Dataset section:
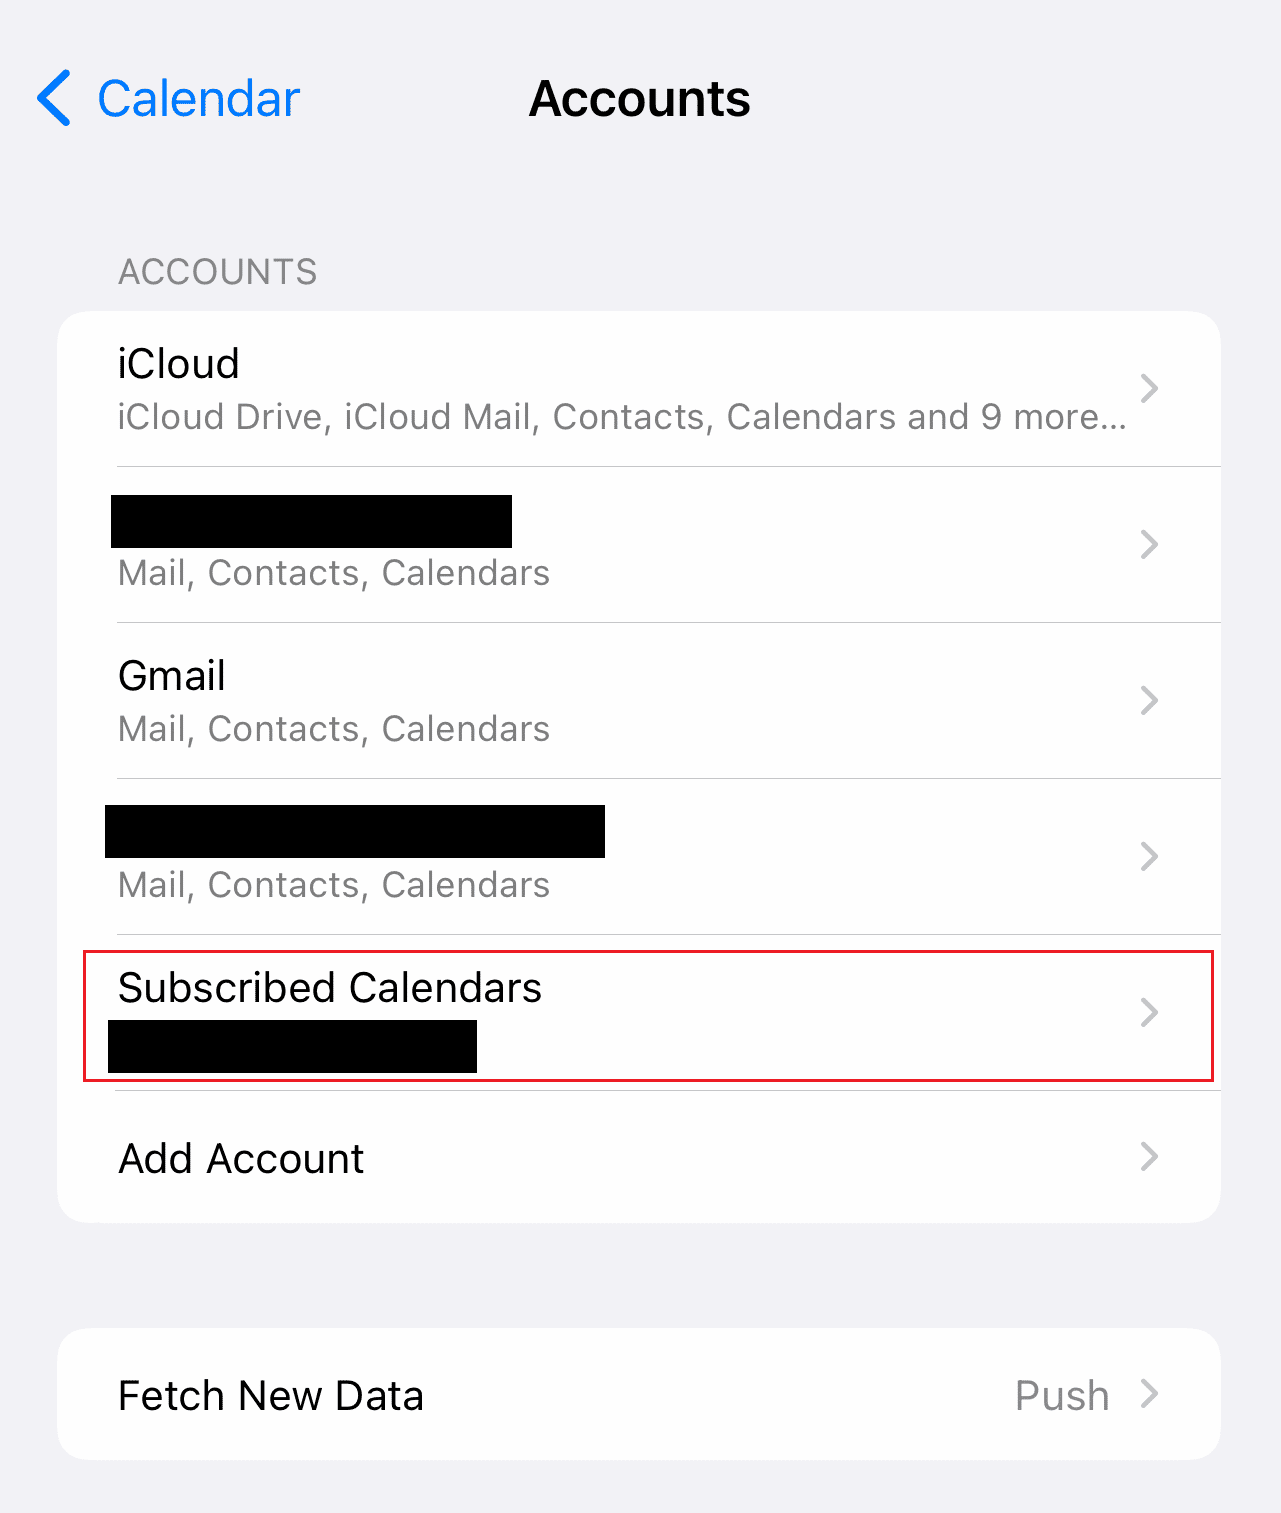 Tap on the Subscribed Calendars - spam account that sends the spam events on your Calendar app
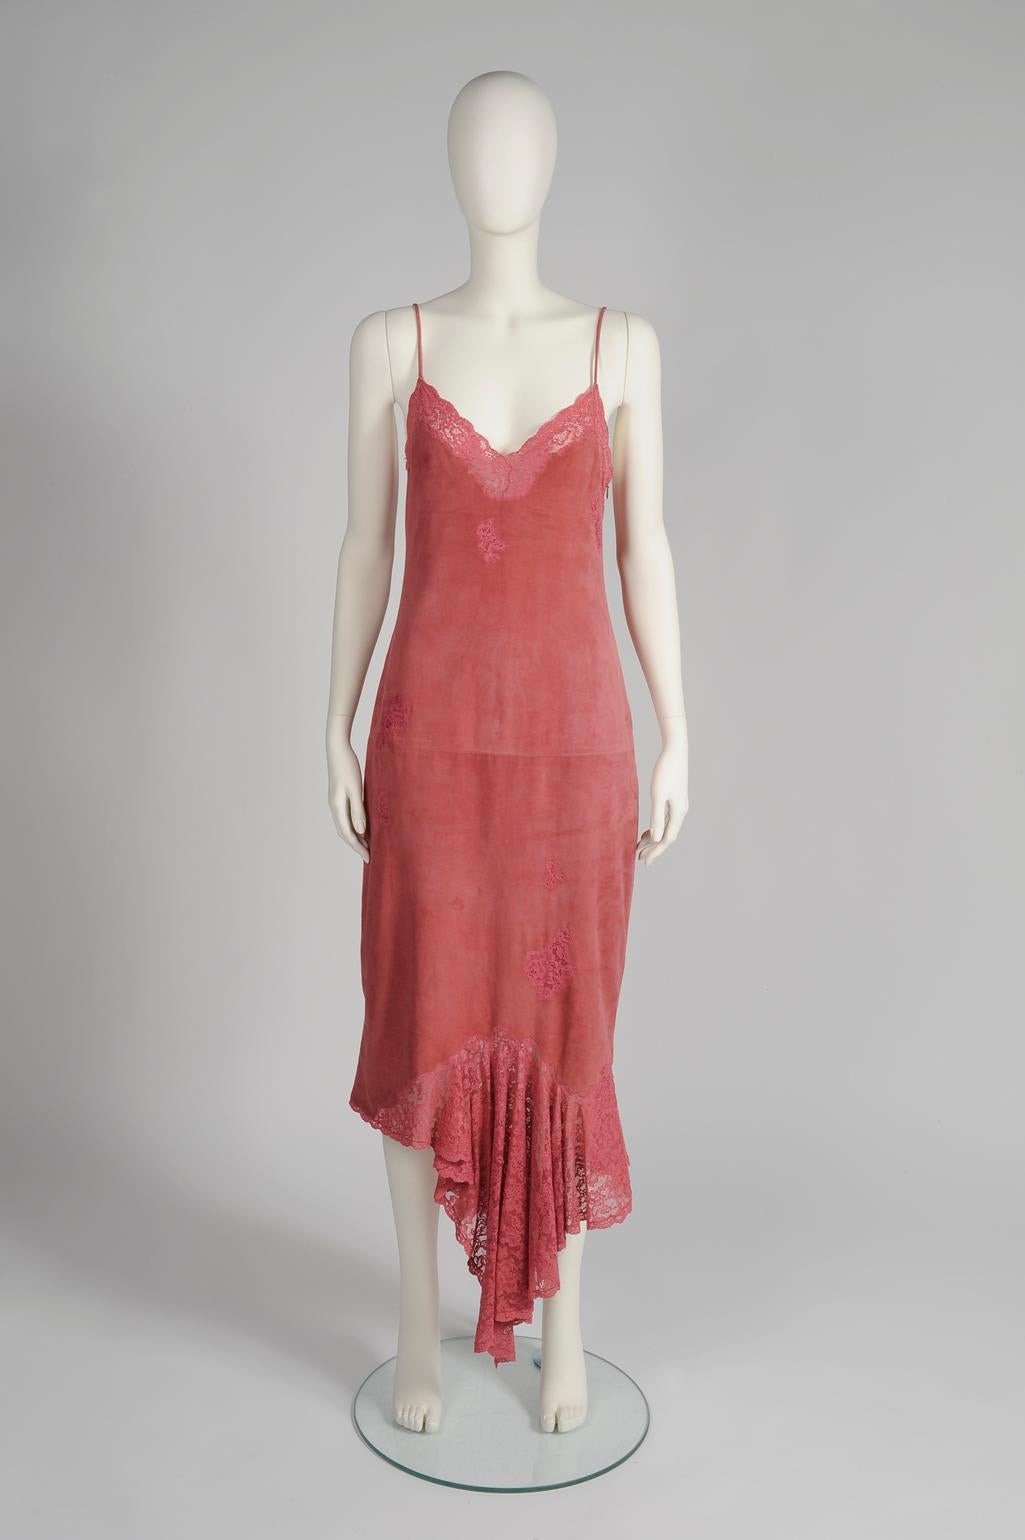 This gown by John Galliano for Dior is the proof that glamour and ease can go hand in hand. Cut from super soft antique rose suede, the dress is embellished with color matching lace. The deep V-neckline, spaghetti straps and low-cut back create the
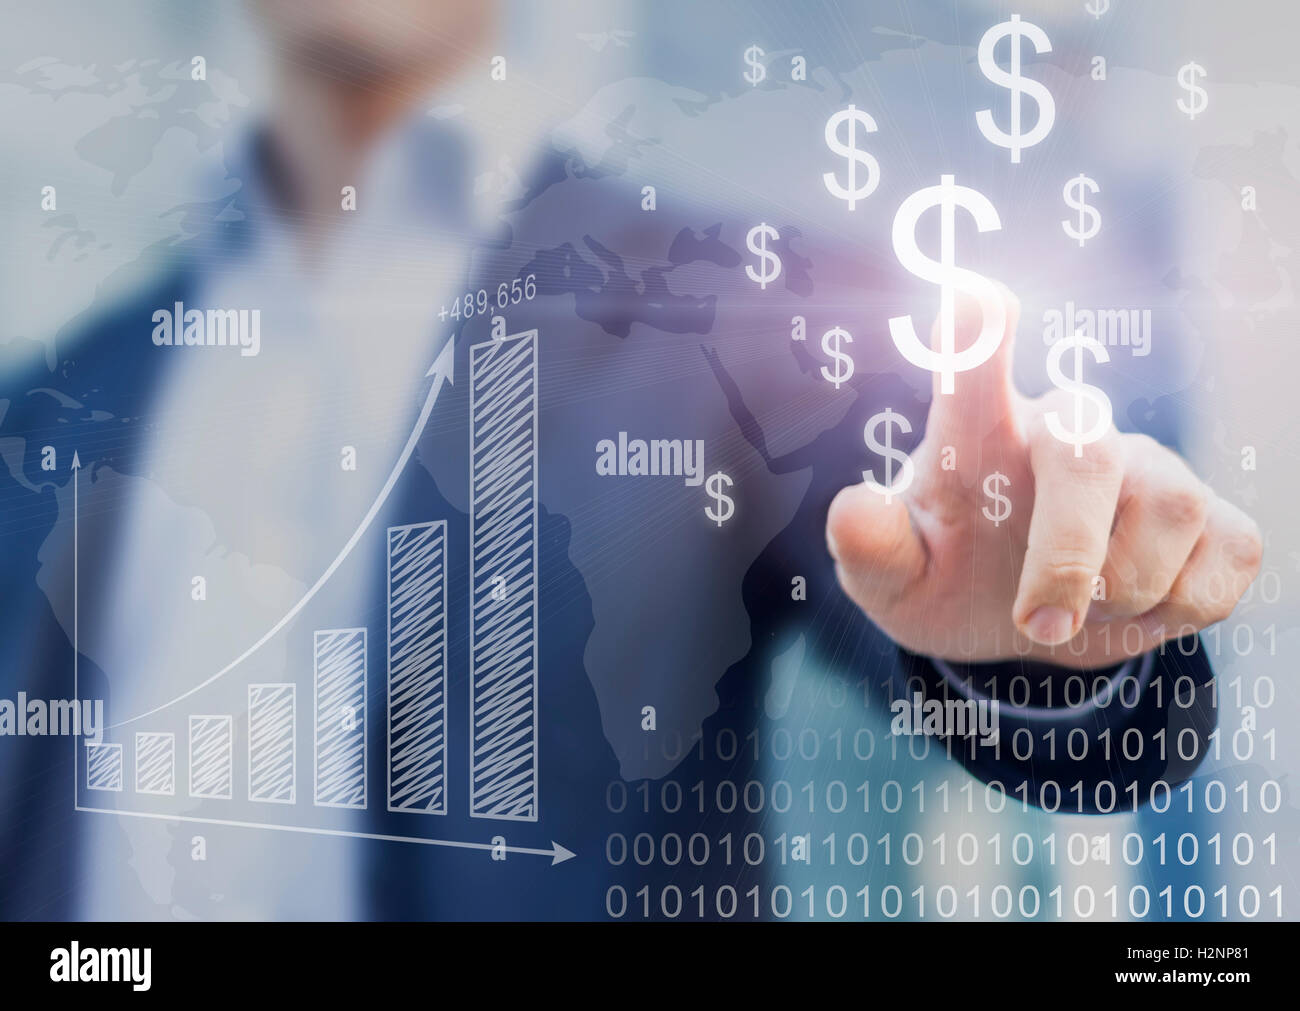 Businessman presenting financial analysis with charts generated by big data displaying international success and dollar signs Stock Photo

Required action: Make an exact copy of the data above, pictures excluded.

Response:
 Tap on the Subscribed Calendars - spam account that sends the spam events on your Calendar app
 This gown by John Galliano for Dior is the proof that glamour and ease can go hand in hand. Cut from super soft antique rose suede, the dress is embellished with color matching lace. The deep V-neckline, spaghetti straps and low-cut back create the
 Businessman presenting financial analysis with charts generated by big data displaying international success and dollar signs Stock Photo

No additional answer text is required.